Xiaoru Wang et al[18] studiedthe effect of sodium polystyrene sulfonate on polyethylene terephthalate (PET) resin, when 2% sodium polystyrene sulfonate and 8% small molecule sulfonate were added for antistatic, the surface resistance of the specimen was reduced by three orders of magnitude to 109 Ω as compared to that of no sodium polystyrene sulfonate and it also improved the thermal stability and the crystallization temperature of the antistatic PET resin.

4. Advantages and shortcomings of surface-active agent-based PET antistatic agents

Surface-active agent type PET antistatic agents have the following advantages, which make them favored in the antistatic application of PET materials. First of all, this type of antistatic agent can significantly reduce the static buildup on the surface of PET materials, thus effectively reducing problems such as dust adsorption, static sparking and static damage, and enhancing the appearance and service life of the materials. Secondly, the surface-active agent type antistatic agent can be added in a flexible way, and can be added directly to PET resin for blending without complicated process. In addition, the surface-active agent type antistatic agent usually contains polar groups or ionic groups, these groups in the PET surface to form a thin and uniform conductive layer, so that the surface of the material has excellent antistatic and conductive, enhance the stability and durability of the antistatic effect. Because of its good thermal stability, it performs particularly well in applications such as textiles, packaging and electronics, which require long-term antistatic properties. Overall, surface-active agent-based PET antistatic agents are an efficient, economical and widely used antistatic material option.

However, combined with the method of use and the mechanism of action, the coated surfactant antistatic agent is greatly affected by the external environment, which is seriously dependent on the humidity of the environment, the humidity is too low will affect the arrangement of hydrophilic groups, is not conducive to the formation of conductive protective layer, and ultimately affects the antistatic properties[19],and its durability is poor, easy to come off in the process of use by water washing and friction.

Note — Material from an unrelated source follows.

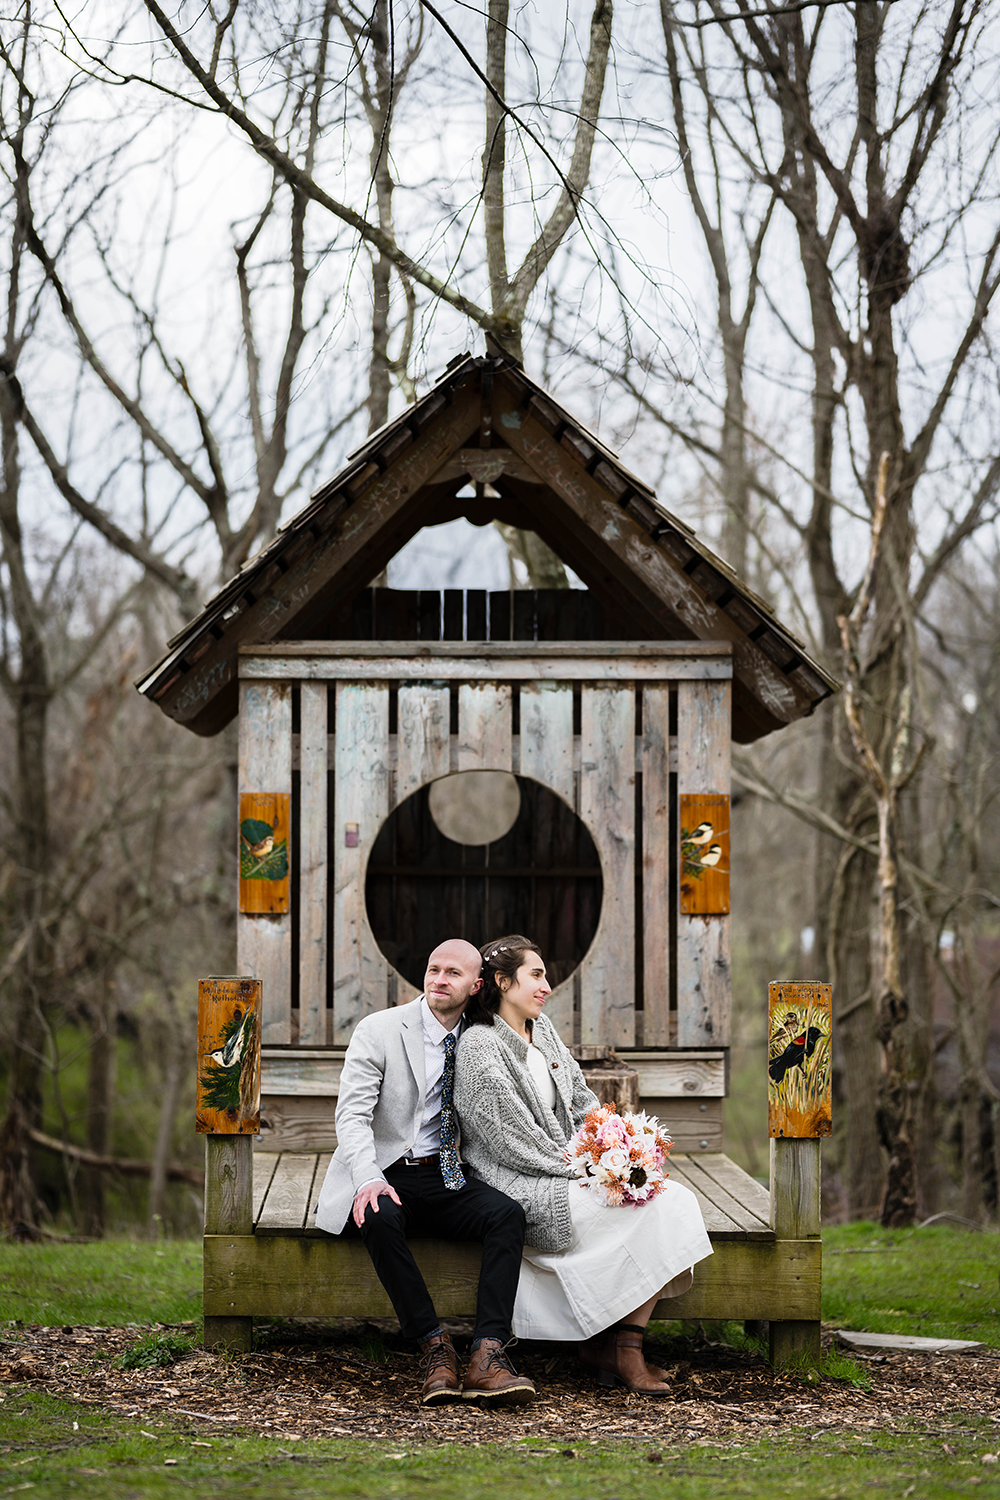 A couple sit together on a structure shaped like an over-sized birdhouse at Heritage Park.

For internal mixed surfactant antistatic agent, if the antistatic molecules and polyester compatibility is good, then when the antistatic molecular layer on the surface of PET polyester material is subjected to ring-breaking, the internal molecules migrate too slowly to the surface, and can not replenish the loss of antistatic agent in a timely manner; if the compatibility is poor, but also due to the antistatic molecules have a tendency to migrate to the surface, resulting in the migration of antistatic molecules is too fast, and the antistatic effect will be lost prematurely Loss. [20]

5. Reach a verdict

At present, in the field of surface-active agent type PET antistatic agent, although many types of antistatic agent and the use of methods have been developed, but a variety of surface-active agent type antistatic agent have their shortcomings exist, and many methods are still in the research stage. In the future, as PET materials become more widely used, our ultimate goal is to develop industrialized PET polyester products that combine good antistatic effects, low cost, and excellent mechanical and thermal stability. I think that in the surface-active agent type antistatic agent this single track, we can have some innovation and progress, in the original advantages of surfactants, try to gradually overcome its shortcomings, improve its durability and processing adaptability; at the same time should also focus on the green development, improve its environmental protection, and how to achieve this goal on the basis of the existing methods still need a lot of work.